▶ _Dataset extract_:
▬▬▬▬▬▬
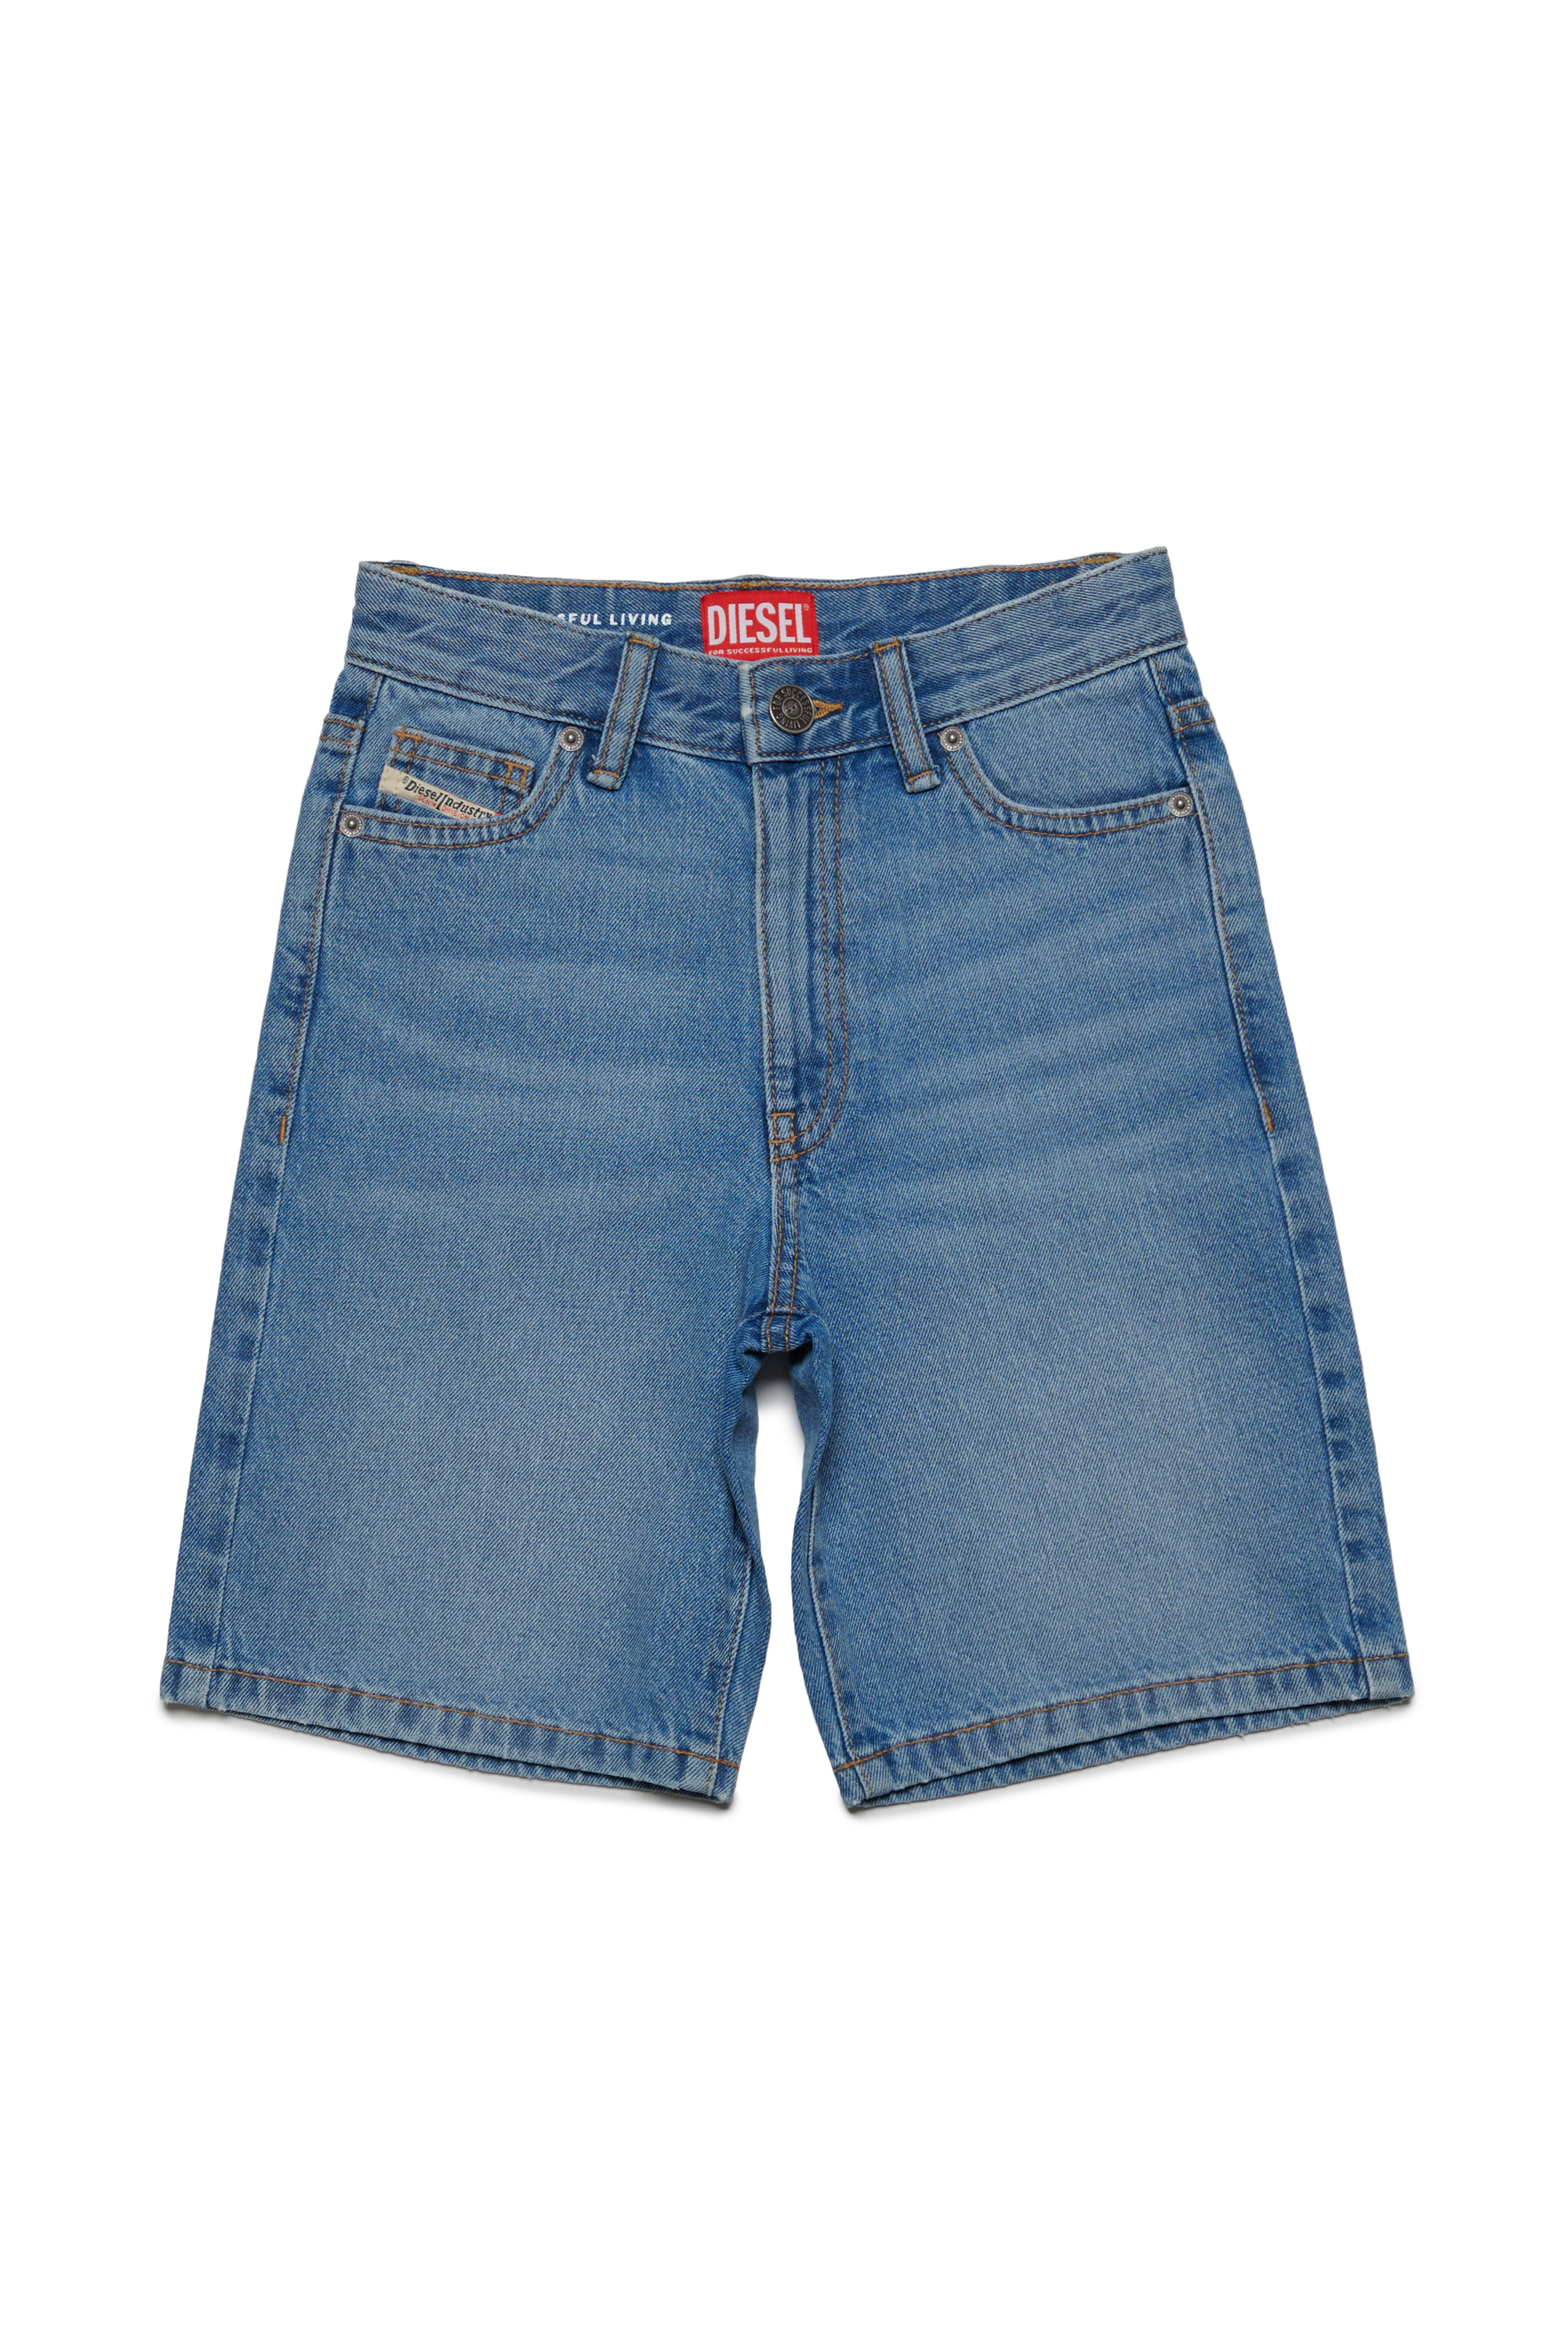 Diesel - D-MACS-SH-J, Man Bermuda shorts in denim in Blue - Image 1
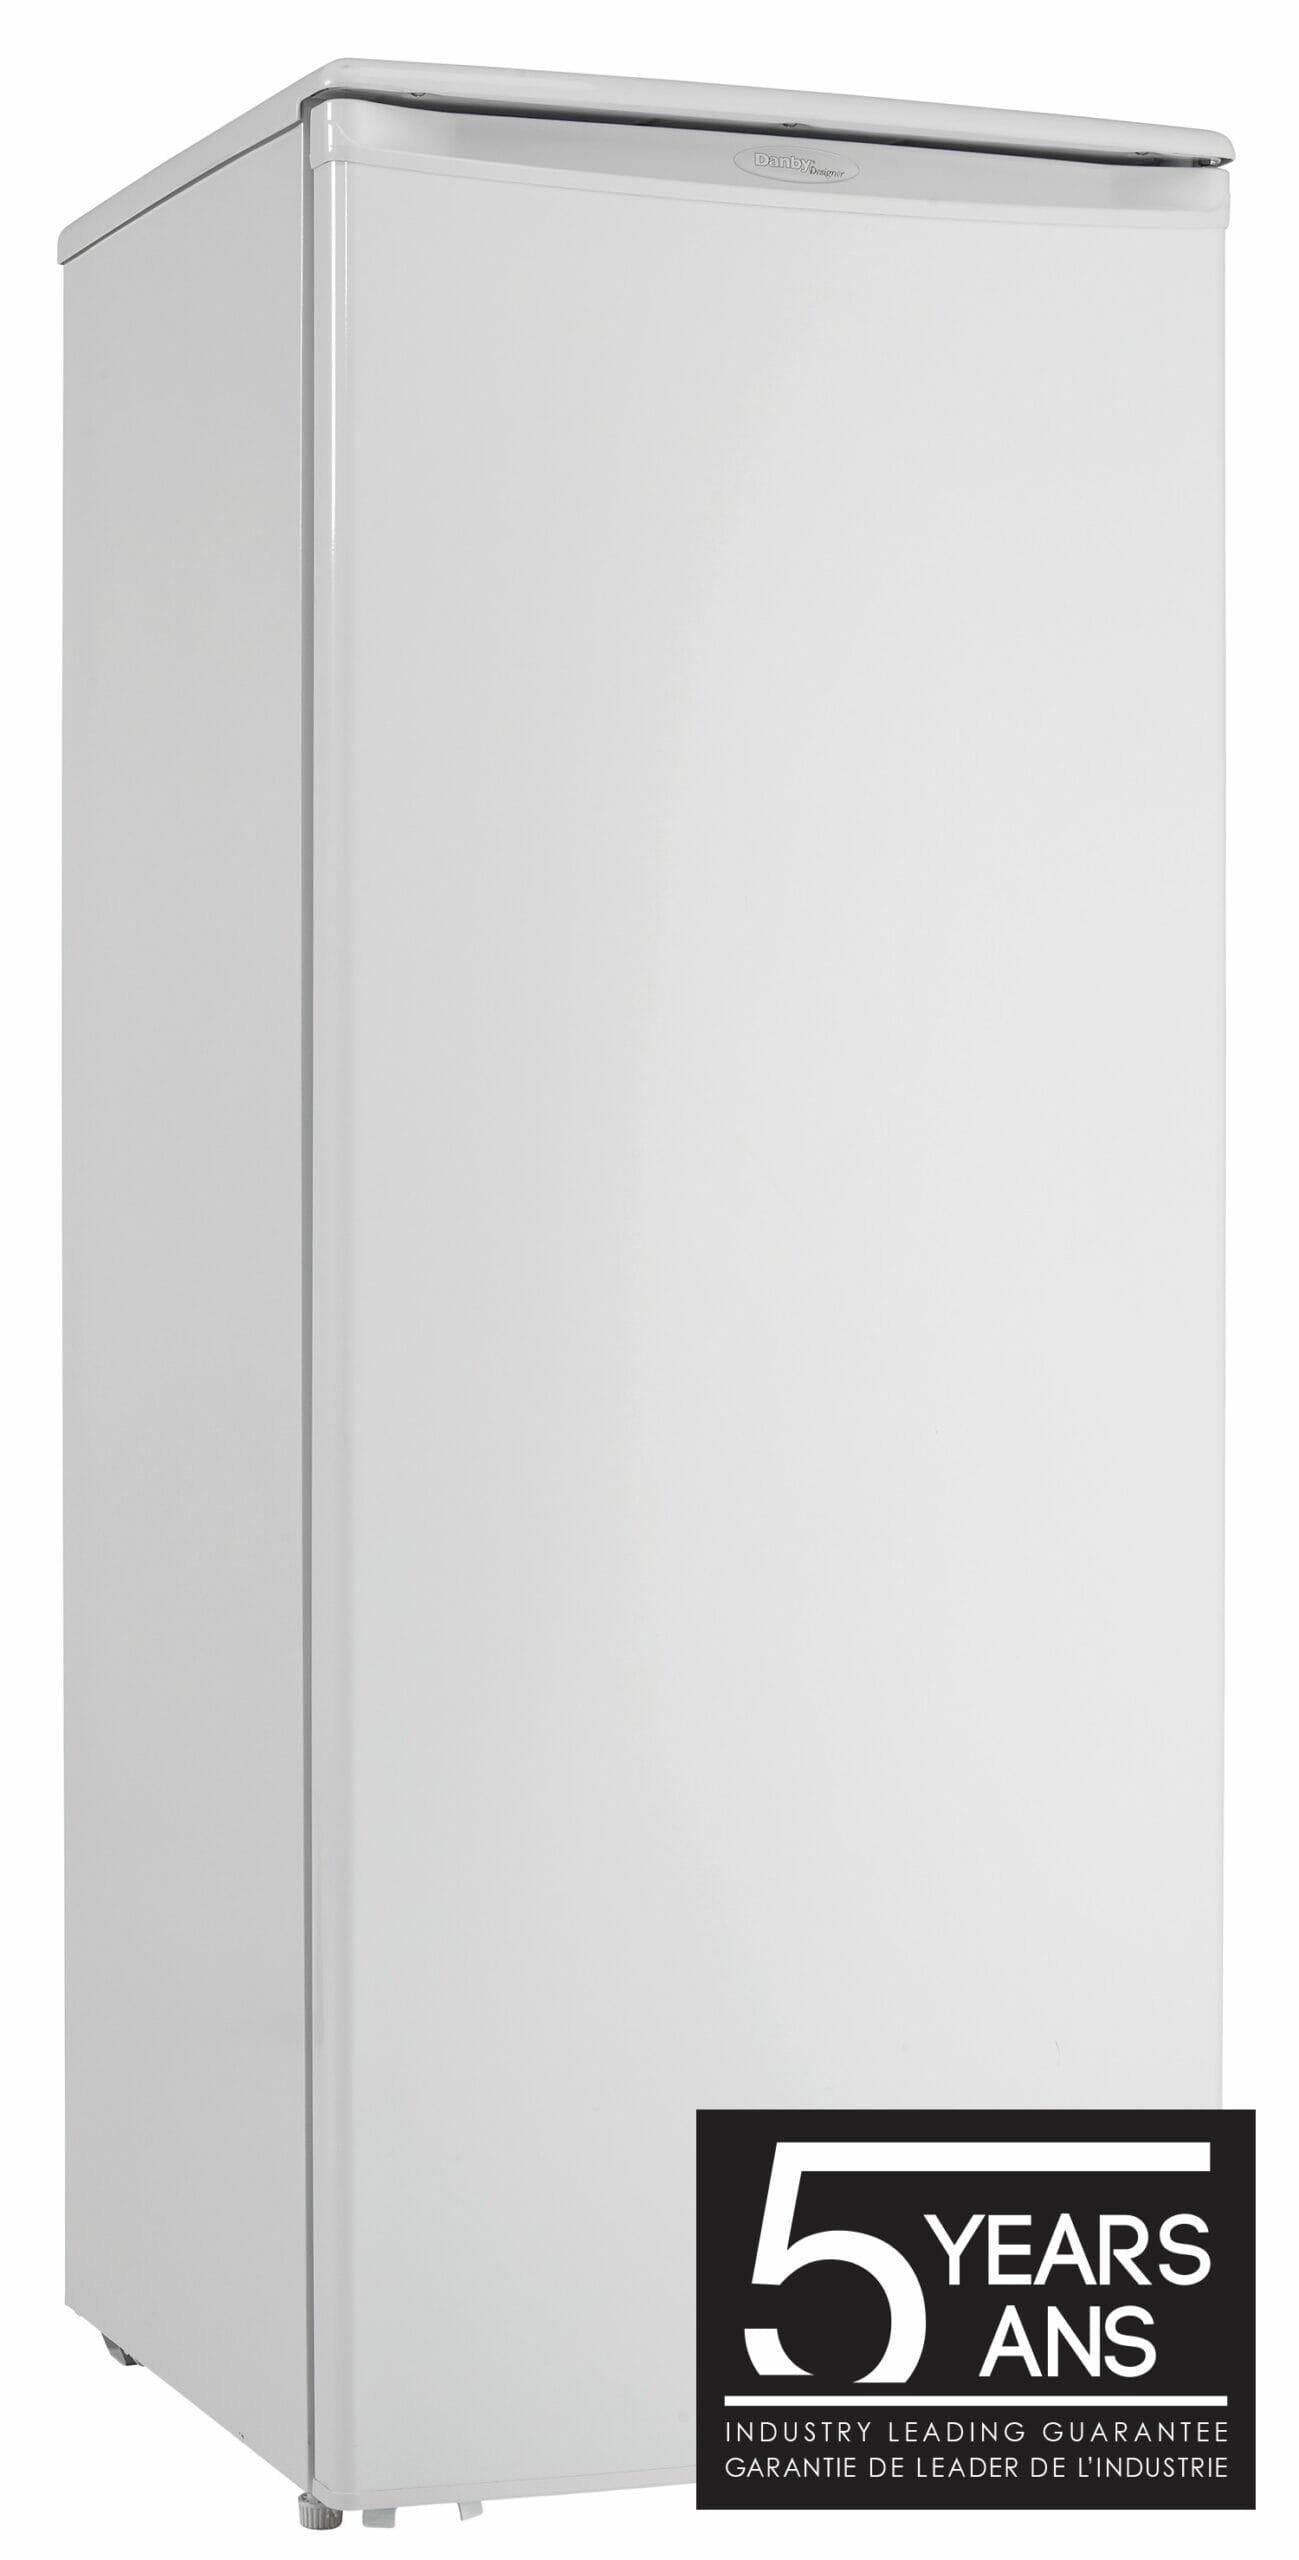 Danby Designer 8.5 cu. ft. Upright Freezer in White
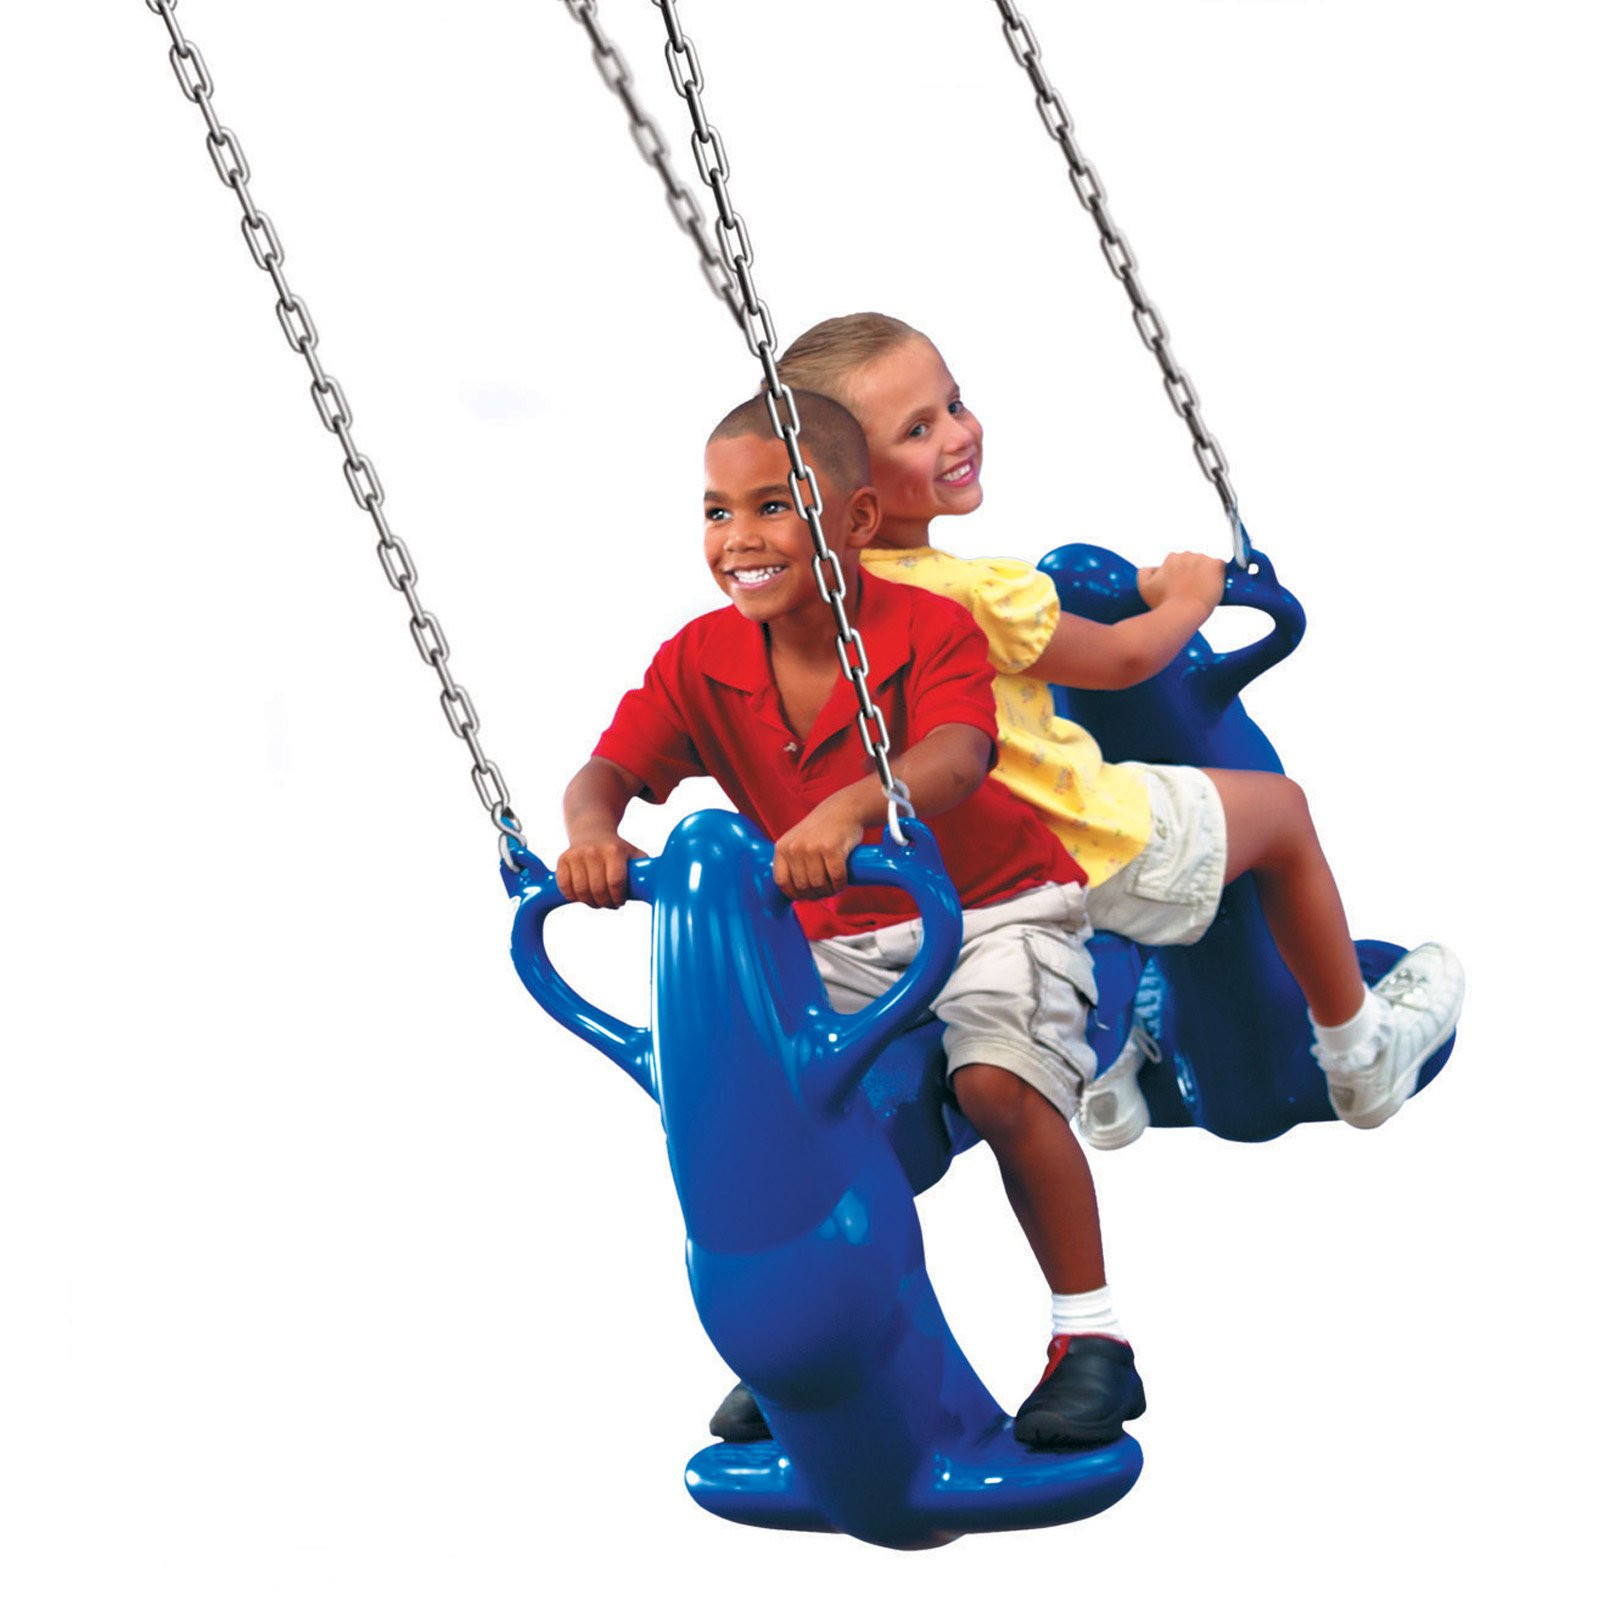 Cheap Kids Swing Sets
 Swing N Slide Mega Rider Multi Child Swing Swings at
▬▬▬▬▬▬
▶ _Problem to work on_:
Counting both ends, reproduce word for word the lines from the line with "Danby Designer 8.5" to the final line of the listing above, skipping every picture.

▶ _Solved exercise_:
 Danby Designer 8.5 cu. ft. Upright Freezer in White
 Cheap Kids Swing Sets
 Swing N Slide Mega Rider Multi Child Swing Swings at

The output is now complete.